# The data:
□ □ □ □ □

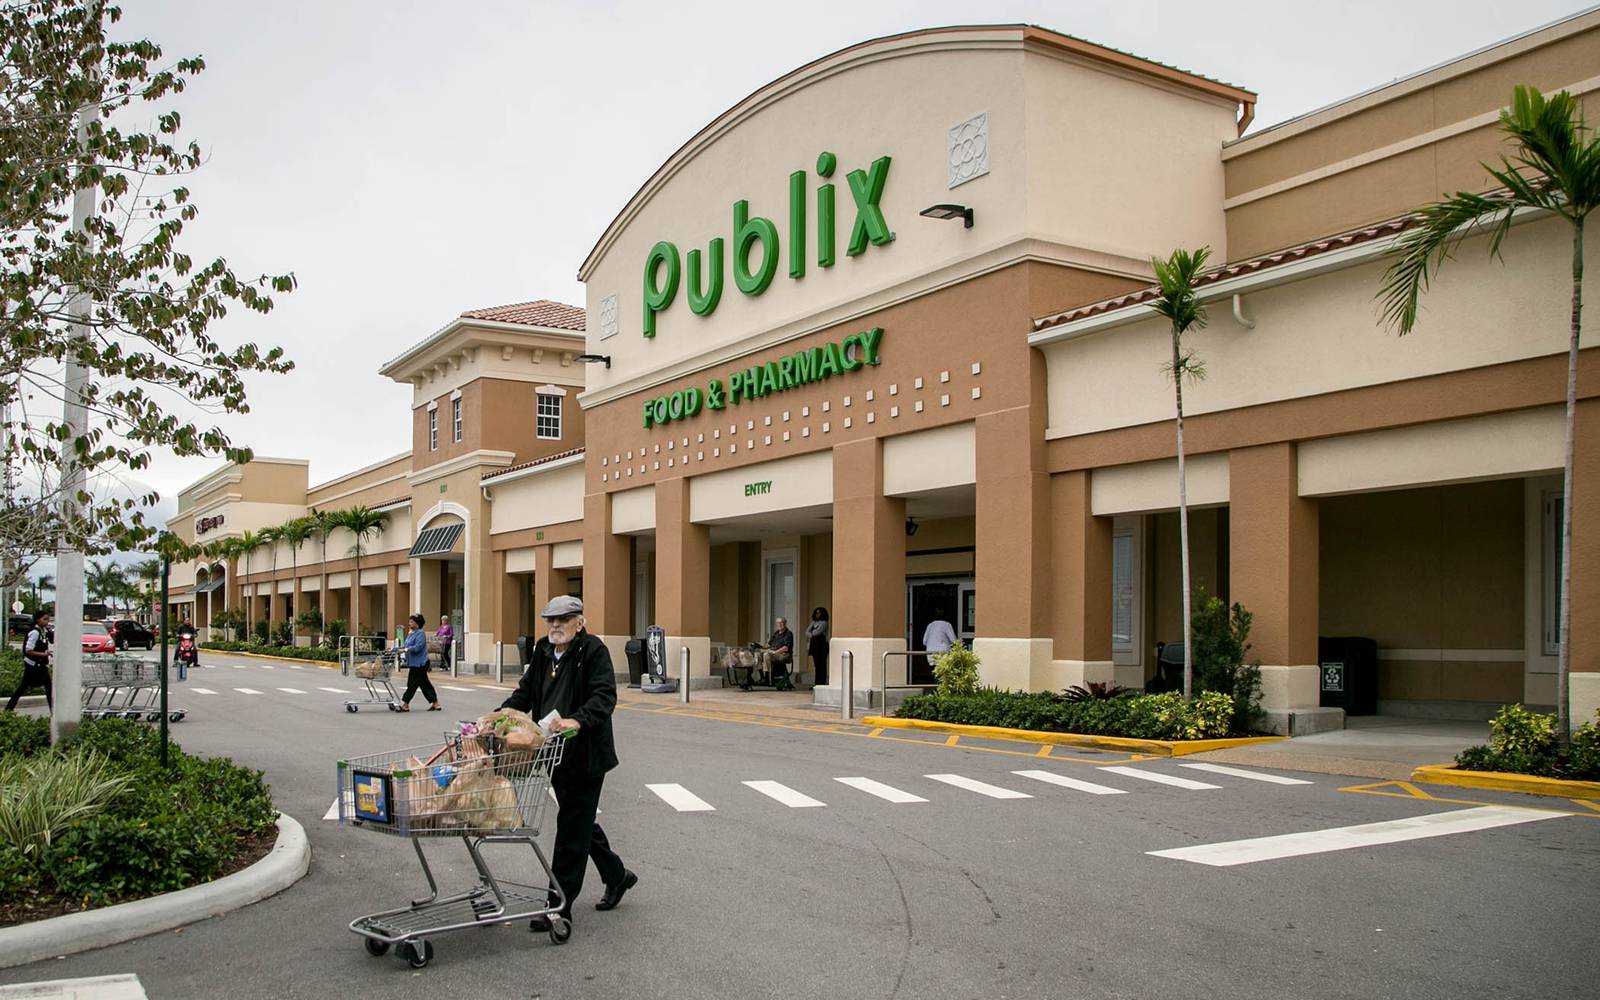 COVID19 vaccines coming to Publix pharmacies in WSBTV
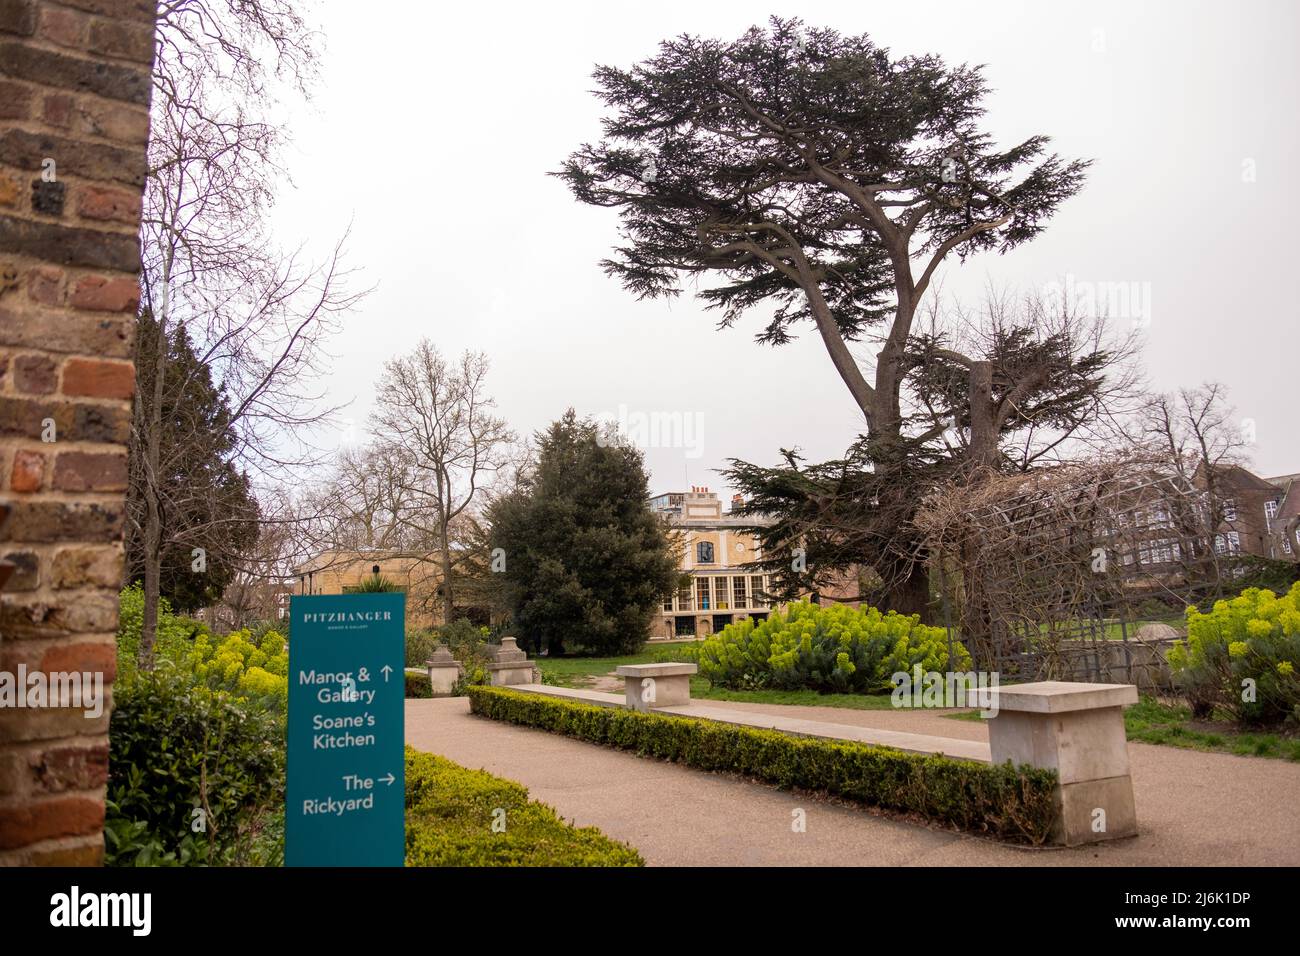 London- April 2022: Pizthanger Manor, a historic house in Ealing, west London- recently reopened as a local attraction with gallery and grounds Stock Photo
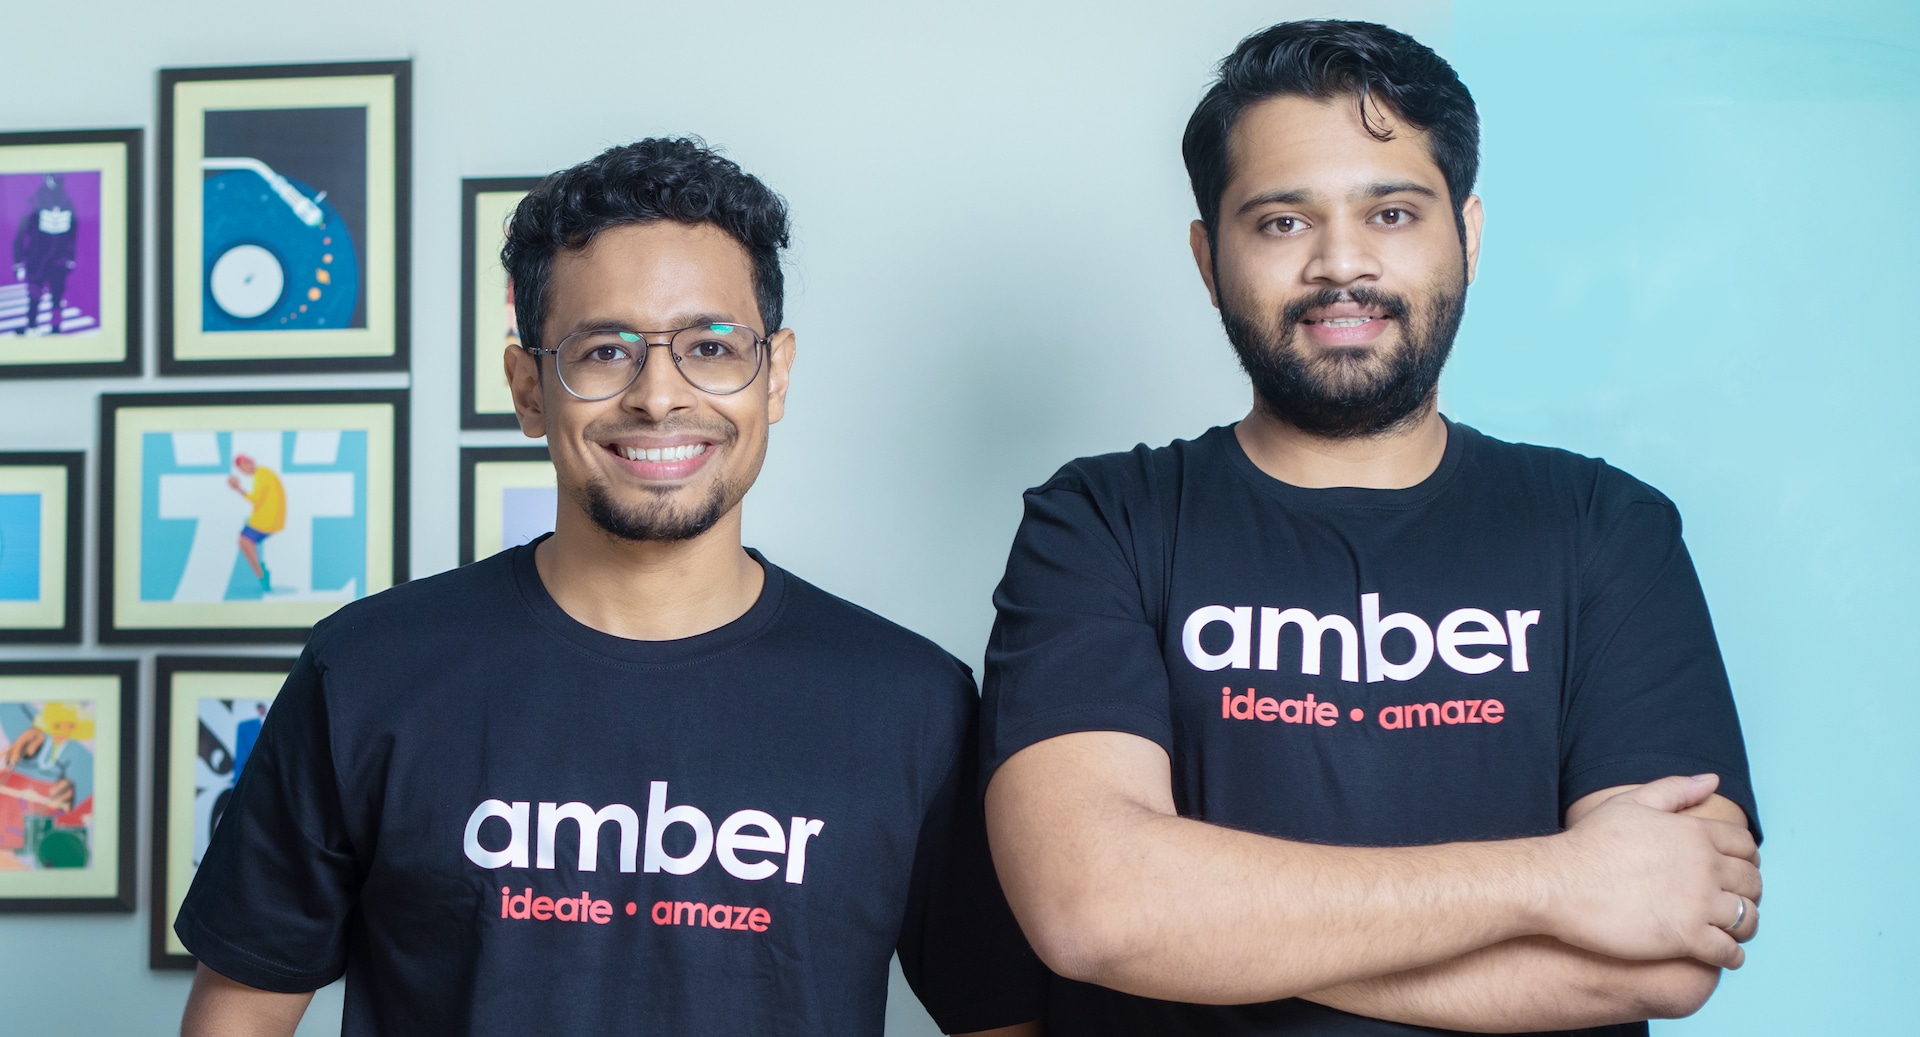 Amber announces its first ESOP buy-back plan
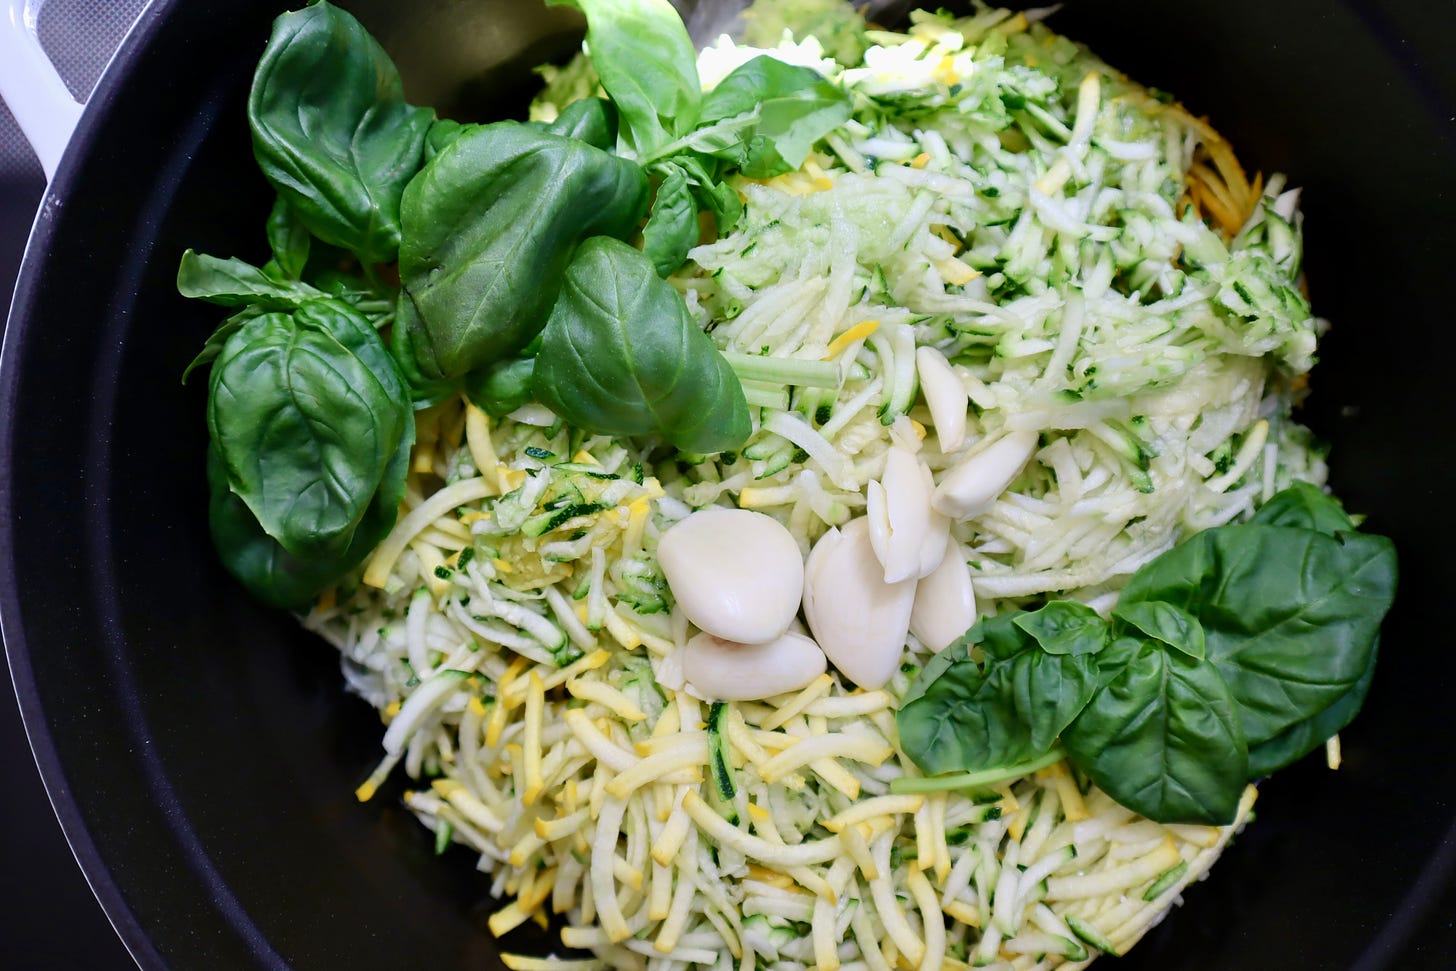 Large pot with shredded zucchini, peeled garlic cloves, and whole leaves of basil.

□ □ □ □ □

# What is needed:
Any picture in the listing above gets left out; output the rest exactly.

# Answer to the problem:
 COVID19 vaccines coming to Publix pharmacies in WSBTV
 London- April 2022: Pizthanger Manor, a historic house in Ealing, west London- recently reopened as a local attraction with gallery and grounds Stock Photo
 Amber announces its first ESOP buy-back plan
 Large pot with shredded zucchini, peeled garlic cloves, and whole leaves of basil.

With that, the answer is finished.